Doppelblind-Studie: Hörgeräteanpassung via Real-Ear-Messung

Doppelblind-Studie: Hörgeräteanpassung via Real-Ear-Messung

Ein amerikanisches Forscherteam um Michael Valente, PhD, an der Washington University in St. Louis untersuchte in einer Doppelblindstudie1 ob es signifikante Unterschiede in der Spracherkennung zwischen einer Hörgeräte-Anpassung mit First Fit und Real-Ear-Messung (REM) gibt. Die Studie, die im September 2018 in der Fachzeitschrift der American Academy of Audiology (JAAA) veröffentlicht wurde zeigte, dass sich mit REM eine durchschnittlich 15% bessere Worterkennung (gemessen bei 50dB SPL) erzielen lässt.
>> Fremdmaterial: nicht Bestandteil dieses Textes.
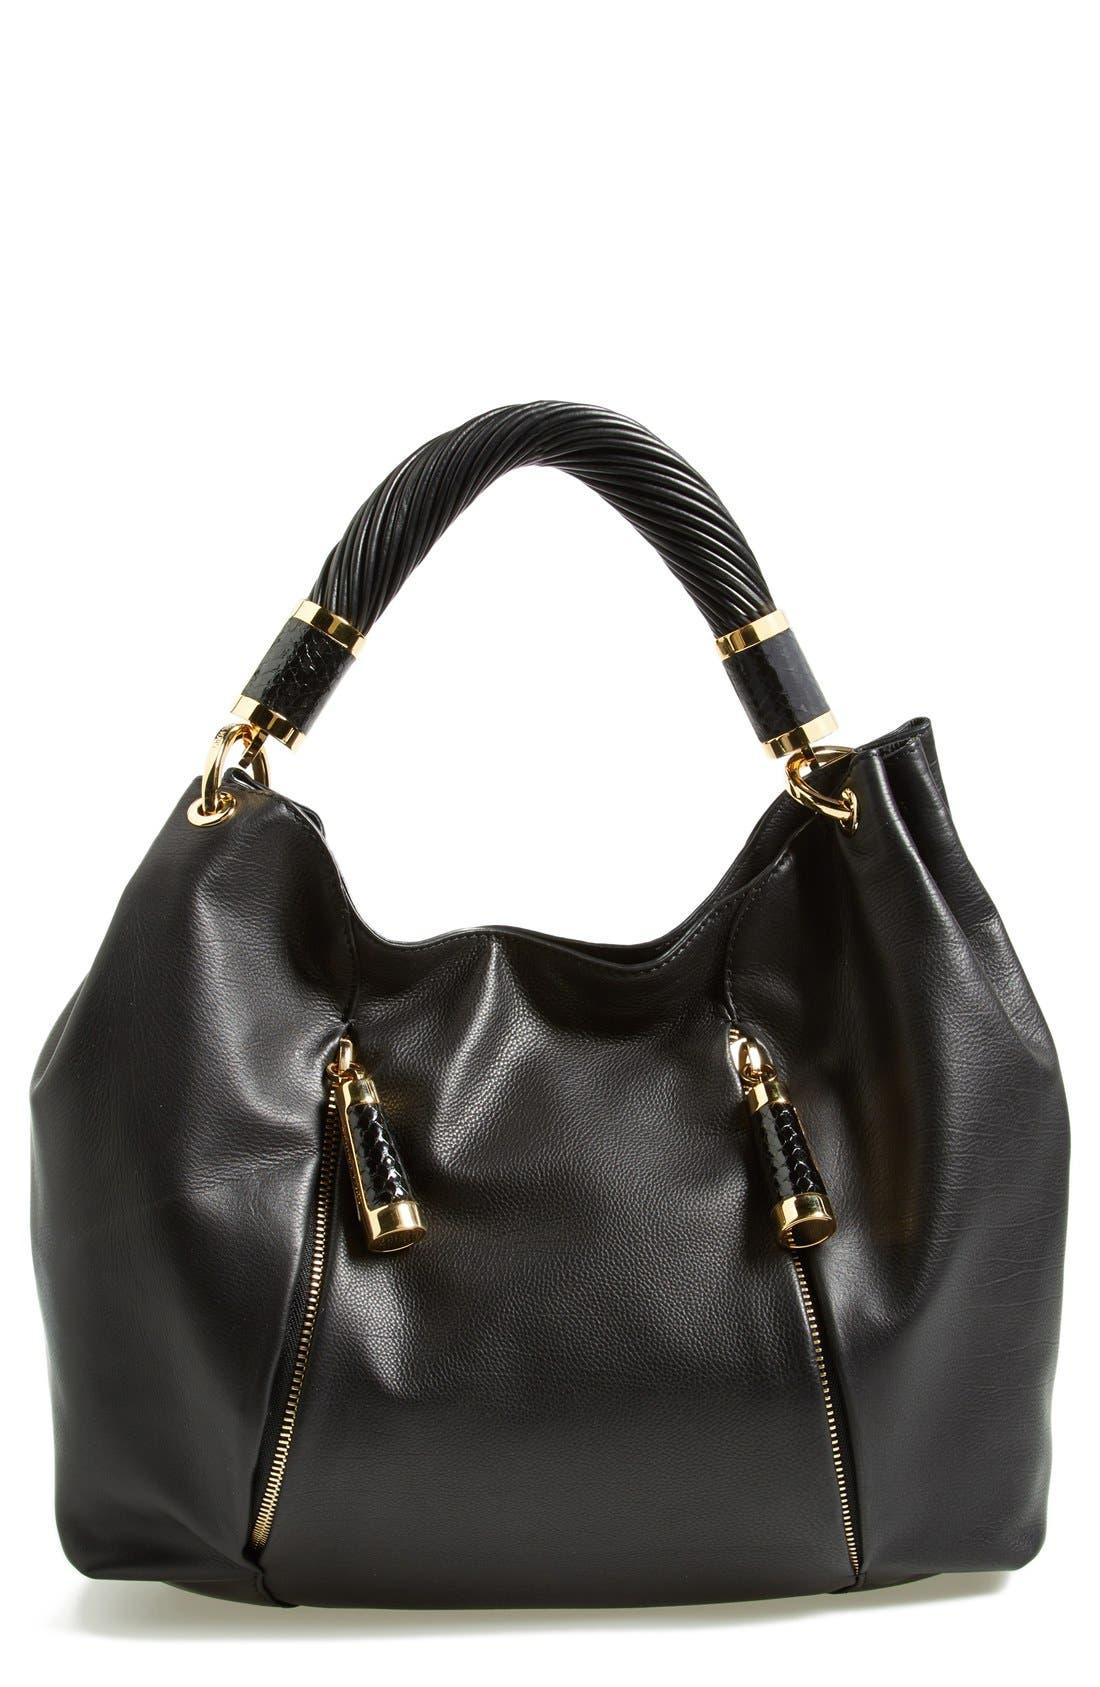 MICHAEL KORS 'Tonne' Leather Hobo, Main, color, 001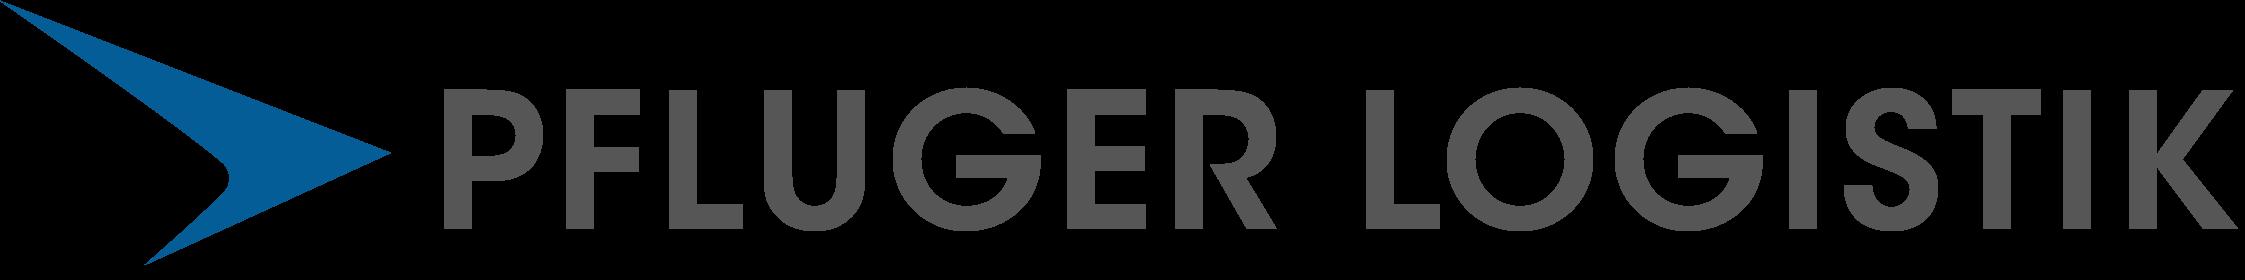 PflugerLogistik

Zudem bevorzugten 79% aller Studienteilnehmer die nach REM angepassten Hörsysteme im Vergleich zu denen der Erstanpassung nach First Fit.

Nach Schätzungen der American Academy of Audiology (AAA) und der American Speech Language Hearing Association (ASHA) werden nur 20 bis 30 Prozent der professionellen Hörsysteme unter Einbezug der tatsächlichen Ohrverstärkung (REM) angepasst. Vielmehr wird sich bei der Anpassung auf die werkseitige Standardeinstellung des First Fit verlassen, obgleich vielzählige Studien2 bereits signifikante Differenzen, gerade im Hochtonbereich, zwischen beiden Anpassverfahren festgestellt haben. In Deutschland dürften diese Zahlen wohl ähnlich liegen.

Vier von fünf Patienten bevorzugen nach REM angepasste Hörsysteme

Unity3: eine der möglichen Messmodule mit IMC2-Schnittstelle 
© Signia

Valente und seine Kollegen untersuchten insgesamt 24 Erwachsende mit leichter bis mittelschwerer Innenohrschwerhörigkeit, die bisher noch keine Erfahrungen mit Hörsystemen hatten. Dabei verwendeten sie Premium-Hörgeräte einer Marke mit 16 Kanälen. Beide Fitting-Methoden wurden dabei per Zufallsprinzip und in einem ausgeglichenen Verhältnis angewandt.

Anschließend untersuchte ein zweiter Prüfer, ohne zu wissen welche Anpass-methodik angewandt wurde, das Sprachverstehen in Ruhe und in Störgeräuschen und bewertete die subjektiven Ergebnisse (APHAB und SSQ). Zur Bestimmung der tatsächlichen Verstärkungsausgabe/ Gewinn kam ebenfalls REM zum Einsatz, jedoch nicht als Werkzeug zur Programmierung des Hörsystems. Alle Teilnehmer gewöhnten sich dann für vier Wochen an die jeweilige Einstellung bevor die zweite Messung zur Leistungsbewertung erfolgte.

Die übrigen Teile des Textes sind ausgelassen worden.